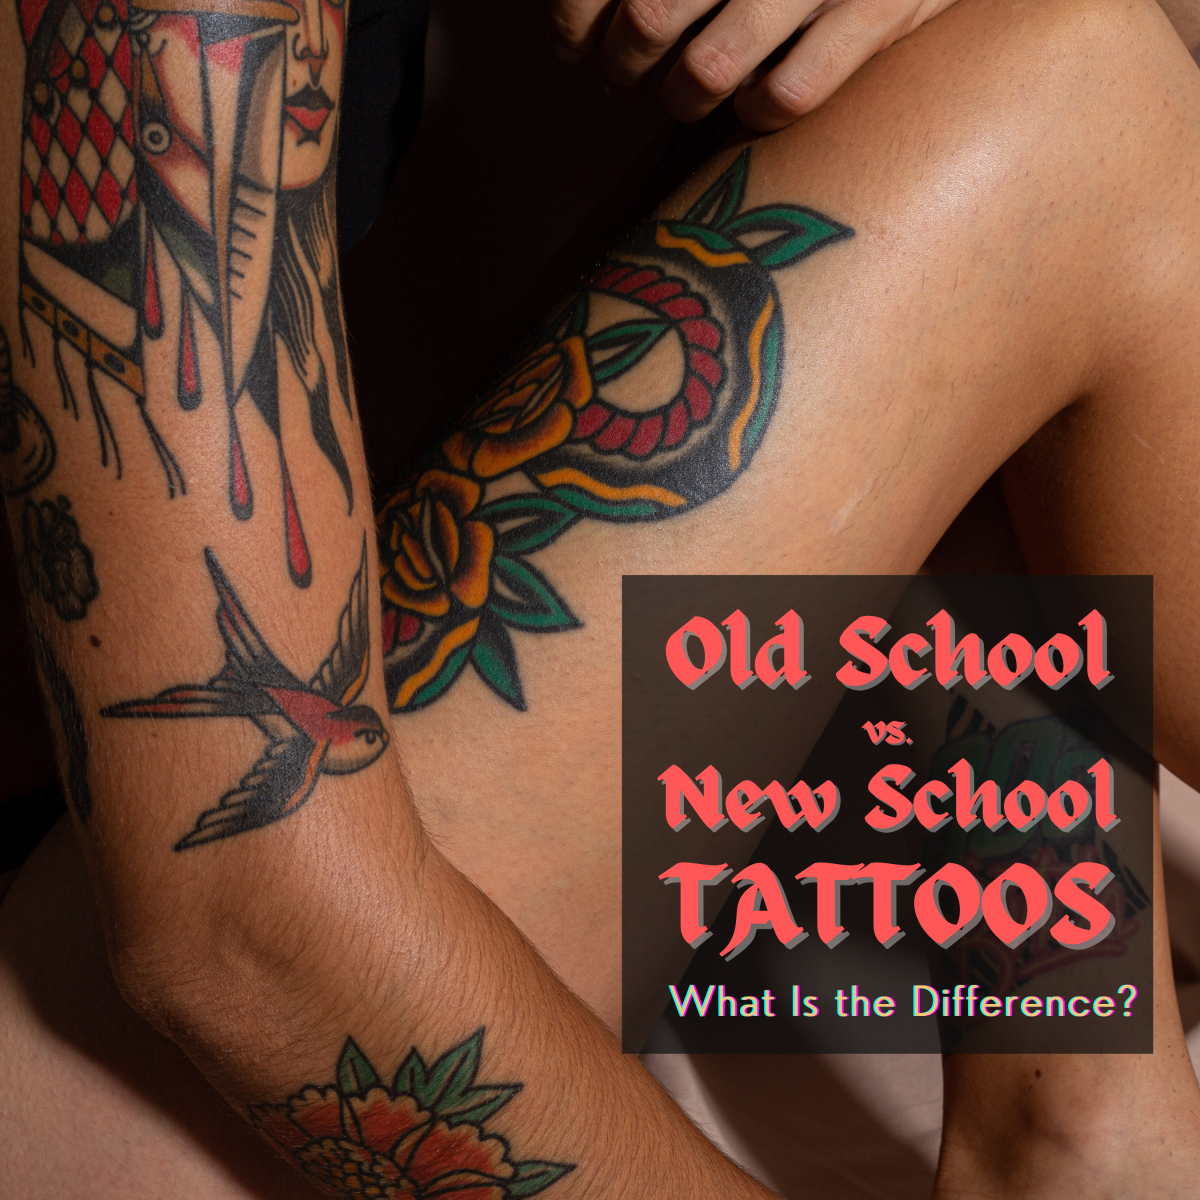 New School vs. Old School Tattoos: What's the Difference?
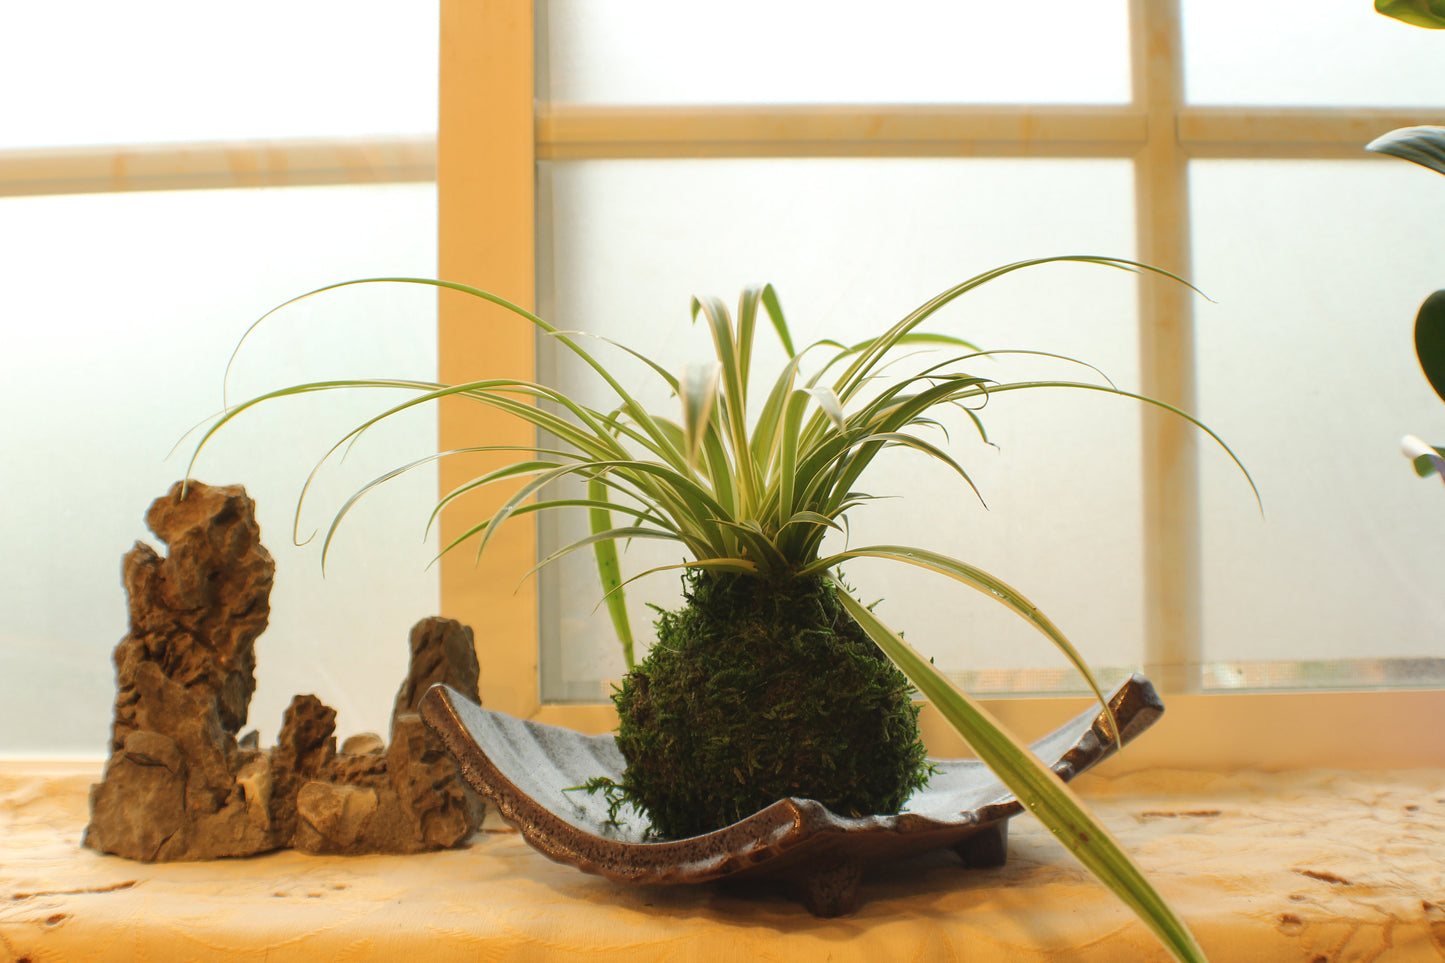 Spider plant (Chlorophytum comosum) Kokedama - Moss ball, One of NASA’s ‘Top Clean Air Plants!
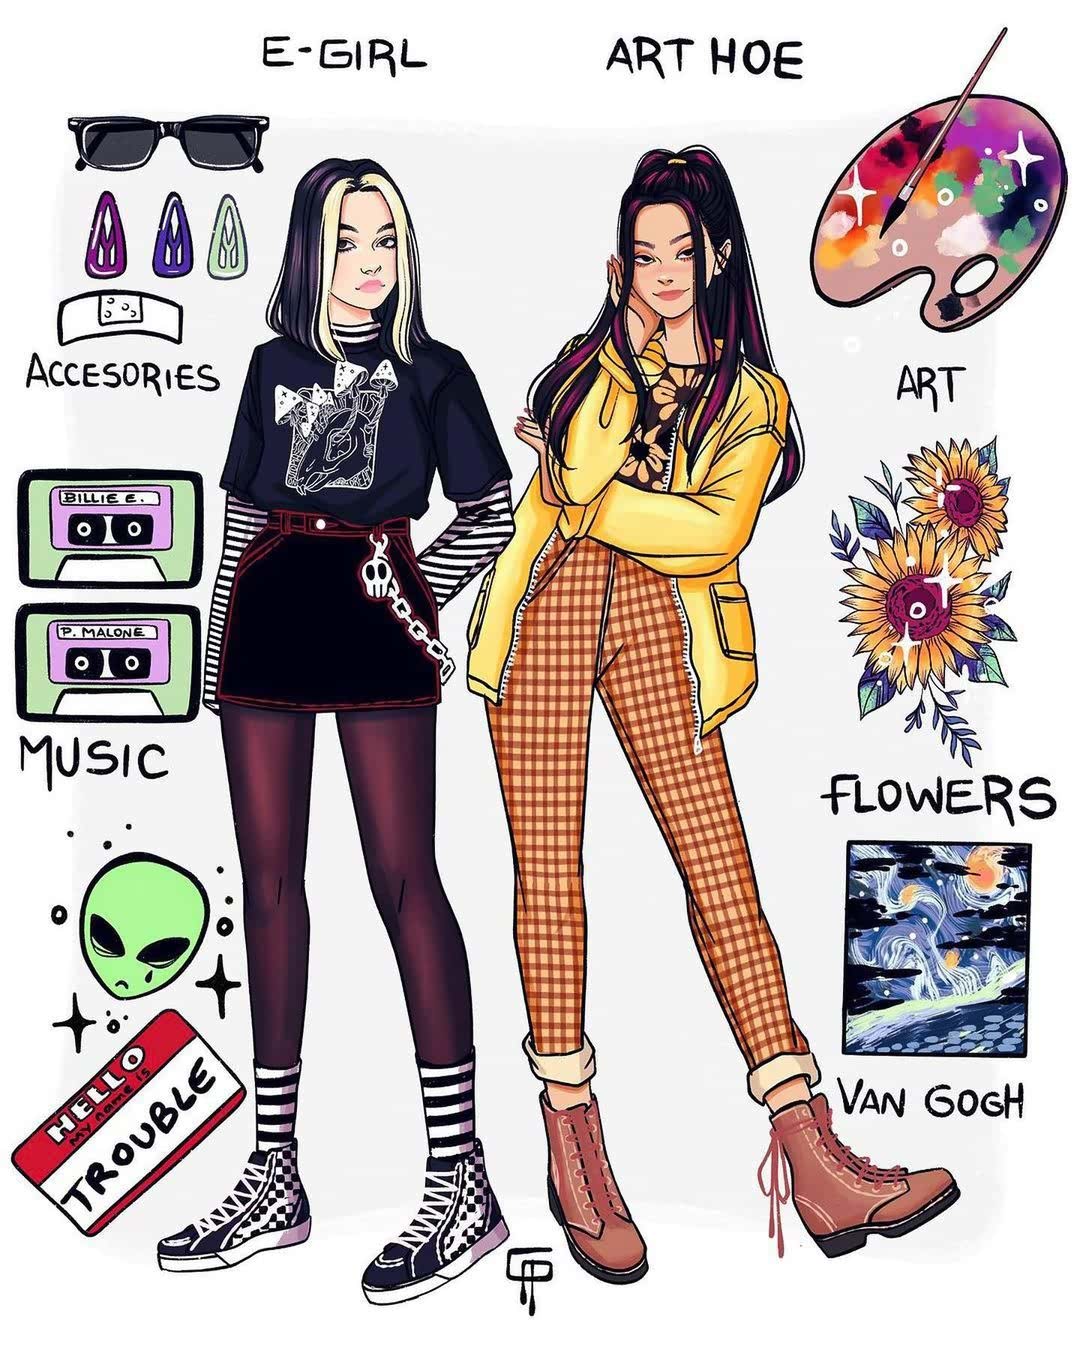 e girl and art hoe Top 20 Fashion Trends to Look Forward To for 2023

Task directions -> Output an exact copy of the material, with the pictures removed.

Task result ->
 New School vs. Old School Tattoos: What's the Difference?
 Spider plant (Chlorophytum comosum) Kokedama - Moss ball, One of NASA’s ‘Top Clean Air Plants!
 e girl and art hoe Top 20 Fashion Trends to Look Forward To for 2023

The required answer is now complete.